◆ WORK TO BE COMPLETED: Leave out every picture and set down, exactly, the lines below from the one holding "by @aubetony https://t.co/aej2dOaFGd" up to and including the one holding "best wedding ideas".

◆ RECORDS FOR THIS EXERCISE:
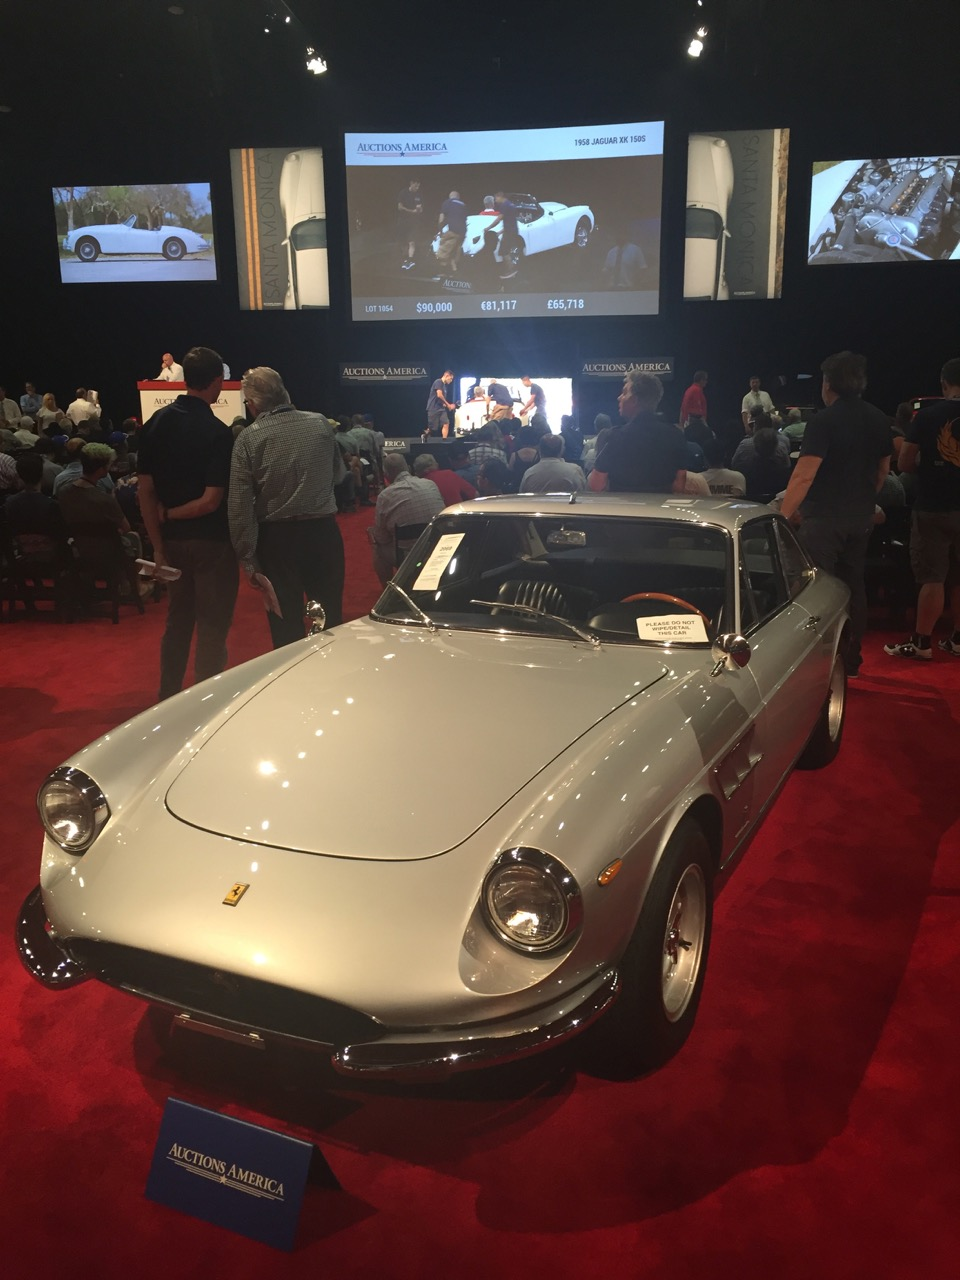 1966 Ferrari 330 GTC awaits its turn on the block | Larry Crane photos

--

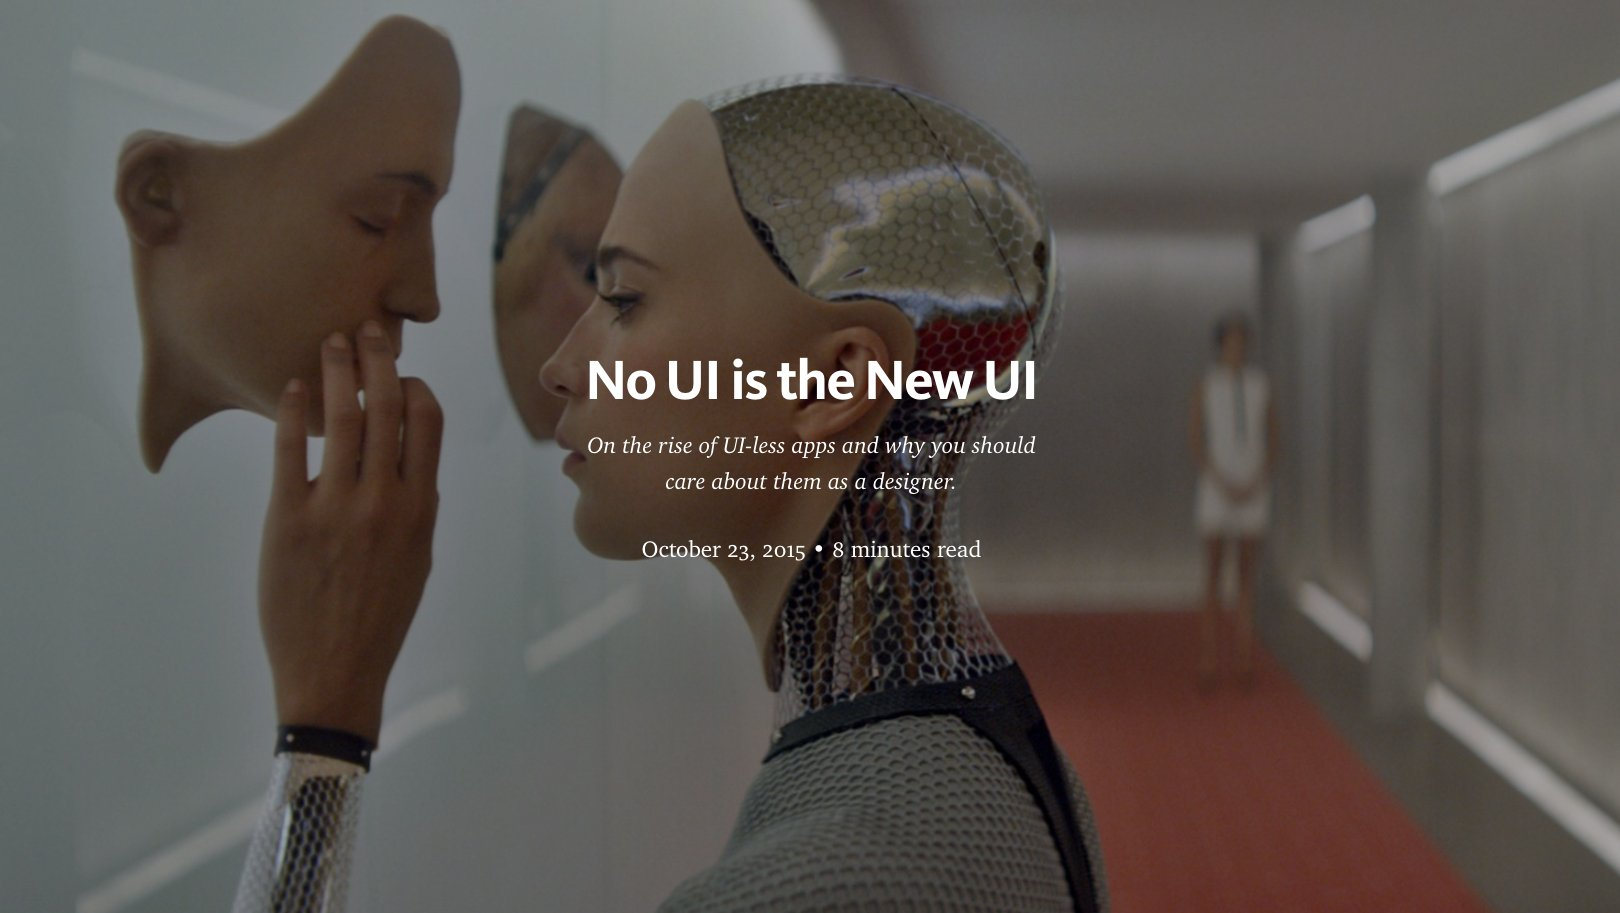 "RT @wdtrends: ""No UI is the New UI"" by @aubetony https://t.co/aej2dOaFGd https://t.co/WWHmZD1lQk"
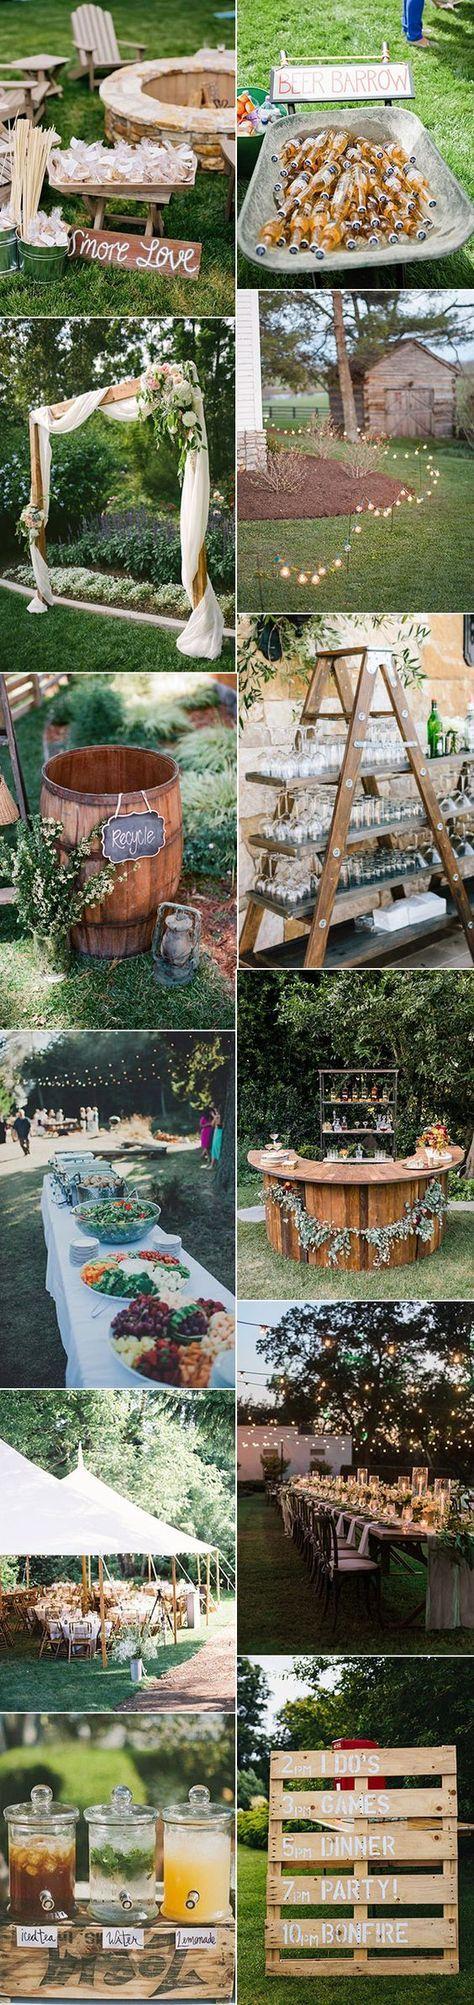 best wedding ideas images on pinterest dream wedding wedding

◆ RESPONSE FOR THIS EXERCISE:
 "RT @wdtrends: ""No UI is the New UI"" by @aubetony https://t.co/aej2dOaFGd https://t.co/WWHmZD1lQk"
 best wedding ideas images on pinterest dream wedding wedding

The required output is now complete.